Specifically, the unmanned aerial vehicle intelligent decision-making power acceleration system provided by the embodiment of the invention realizes a real-time calculation function in an unmanned aerial vehicle intelligent decision-making task through an embedded hardware structure. By developing the hardware logic interface module, the configuration optimization of the software and hardware architecture can be realized. Aiming at software and hardware architecture development driving software, the CPU1 performs flow control by reading and writing a control register set corresponding to the FPGA chip 2 through communication between the PCIE system 3 and the PCIE interface 21.

The CPU1 is good at processing tasks of control flow type, and has a strong computing power for small-scale signal processing parallel tasks by integrating a dedicated vector operation unit. The FPGA chip 2 excels in the video stream processing problem with local correlation, and has rich interfaces and ultra-low latency.

The CPU1 may be a central processing unit (Performance Optimization With Enhanced RISC-Performance Computing, powerPC) of Reduced Instruction Set (RISC) architecture, sometimes referred to as PPC. The CPU1 may be a processor system based on an MPC8641D chip for providing data input and control functions.

Two base address register (Base Address Register, BAR) spaces, a first base address register space (BAR 0) 31 and a second base address register space (BAR 2) 32, respectively, may be configured in PCIE system 3. By accessing the first base address register space, a control register group corresponding to the FPGA chip 2 can be accessed; by accessing the second base address register space, the data interface of the FPGA chip 2 can be accessed.

The XDMA system can convert PCIE bus transaction into AXI bus transaction, thereby completing data exchange with the internal hardware acceleration logic, and under the support of XDMA IP, the FPGA chip 2 is used as PCIE end equipment and is hung in the CPU 1.

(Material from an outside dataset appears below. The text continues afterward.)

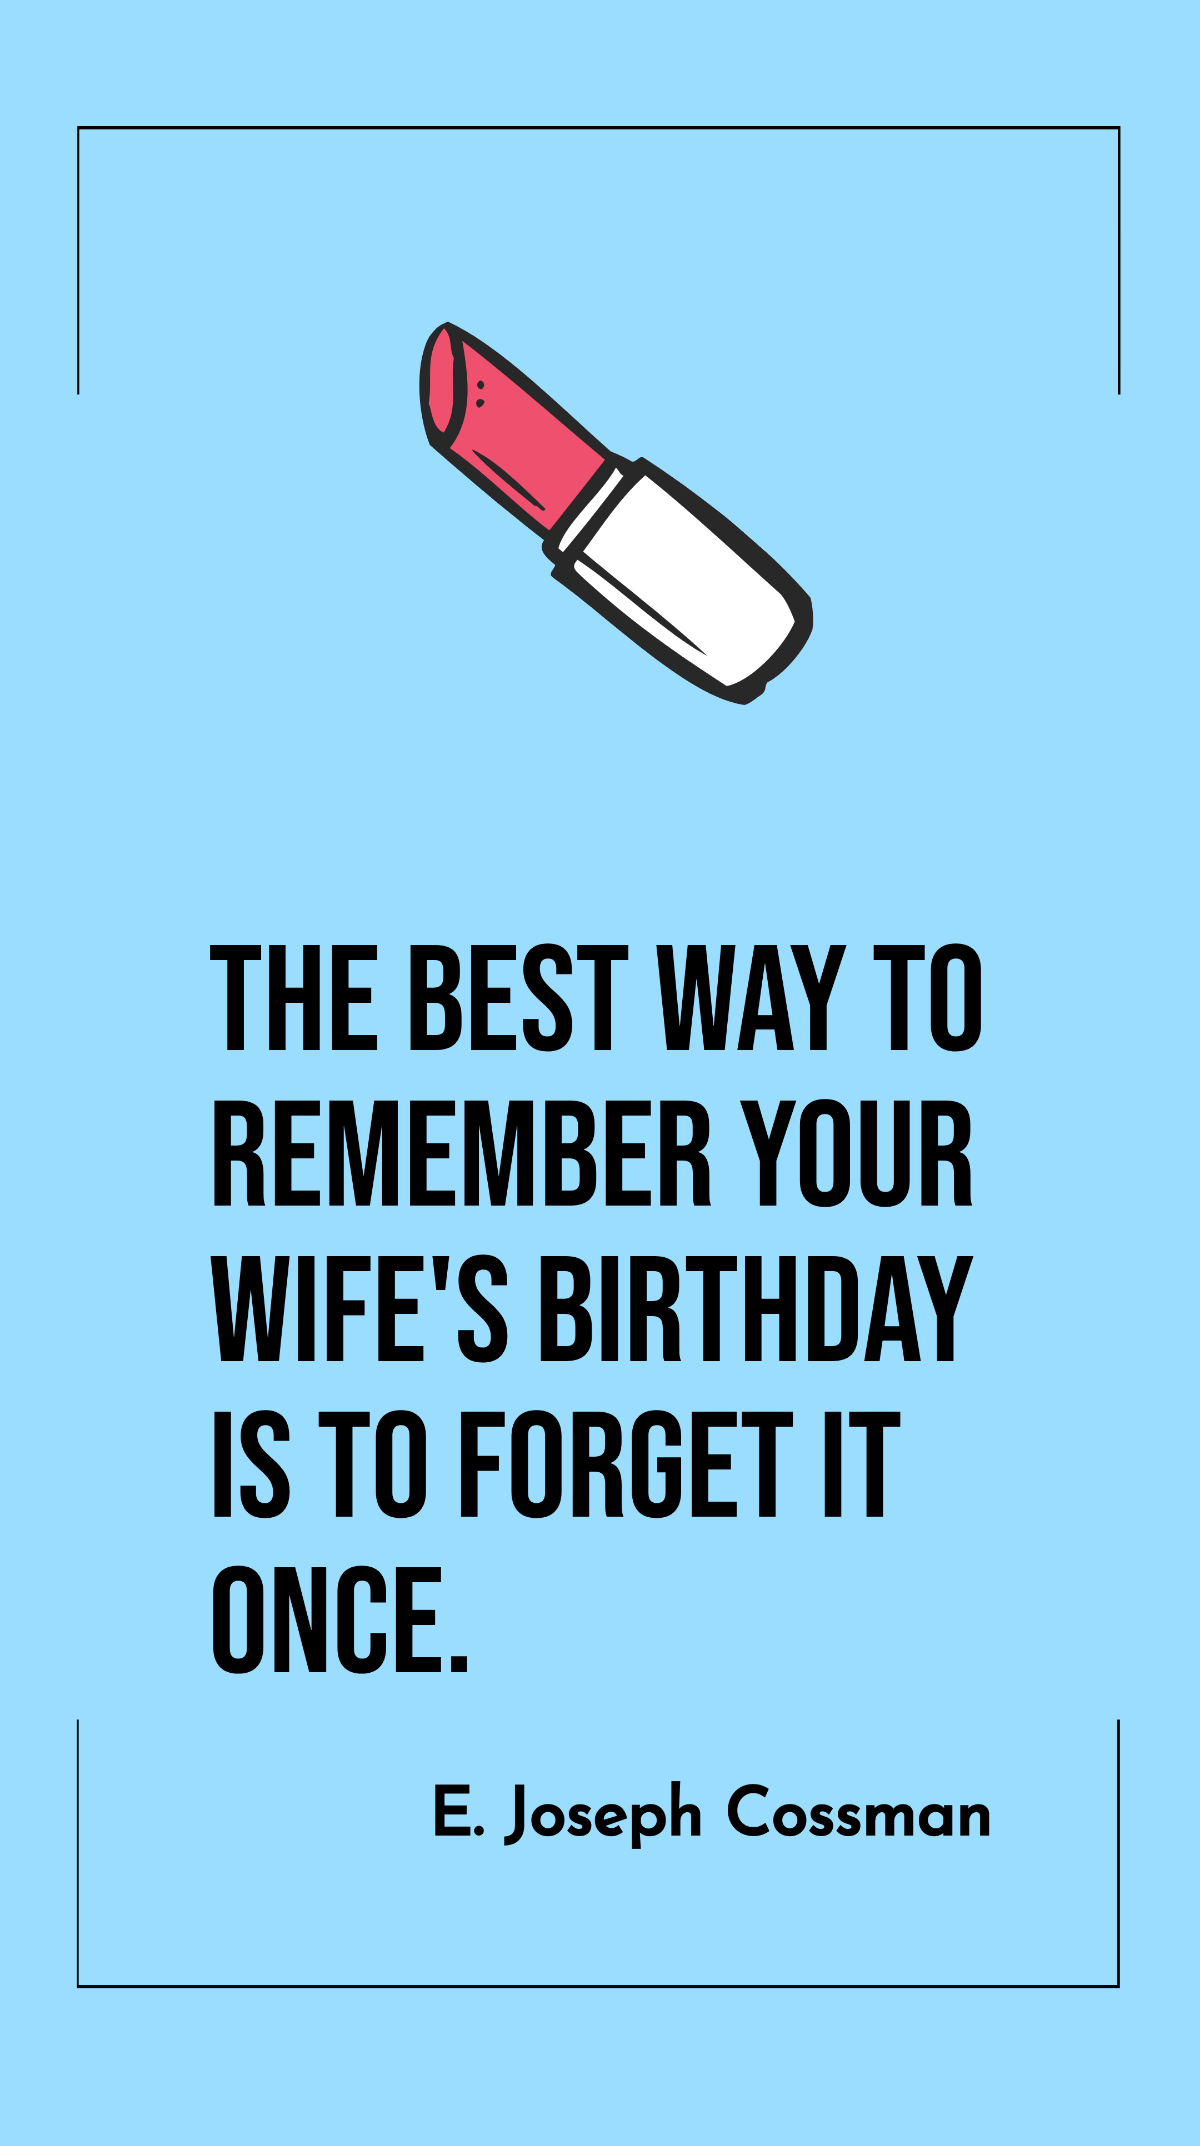 E. Joseph Cossman - The best way to remember your wife's birthday is to forget it once. Template

The XDMA system can provide an AXI4 interface or an AXI4-Stream interface selectable by a user, can be added to system bus interconnection, and is suitable for asynchronous transmission of large data volume. The XDMA system also completes the transmission task appointed by the linked list in turn according to the head address of the linked list structure, and mainly comprises a configuration read-write interface, a data read-write interface logic, an interrupt processing module and a PCIE protocol processing module.

The configuration read-write interface supports register access in the IP by the user logic through the AXI-Lite bus interface, and simultaneously supports direct PCIe memory access of the HOST HOST end, so that transparent transmission from HOST to the user logic can be provided. The data read-write interface logic supports AXI4/AXI4-Stream protocol access, and the access from the host side to the user logic is completed through an H2C channel, and the access from the user logic to the host side is completed through a C2H channel. The interrupt processing module receives an interrupt signal generated by user logic and sends the interrupt signal to the host end through the PCIE protocol module, and supports legacy interrupt and MSI interrupt. The PCIE protocol processing module is responsible for forwarding PCIE protocols to generate relevant control signals.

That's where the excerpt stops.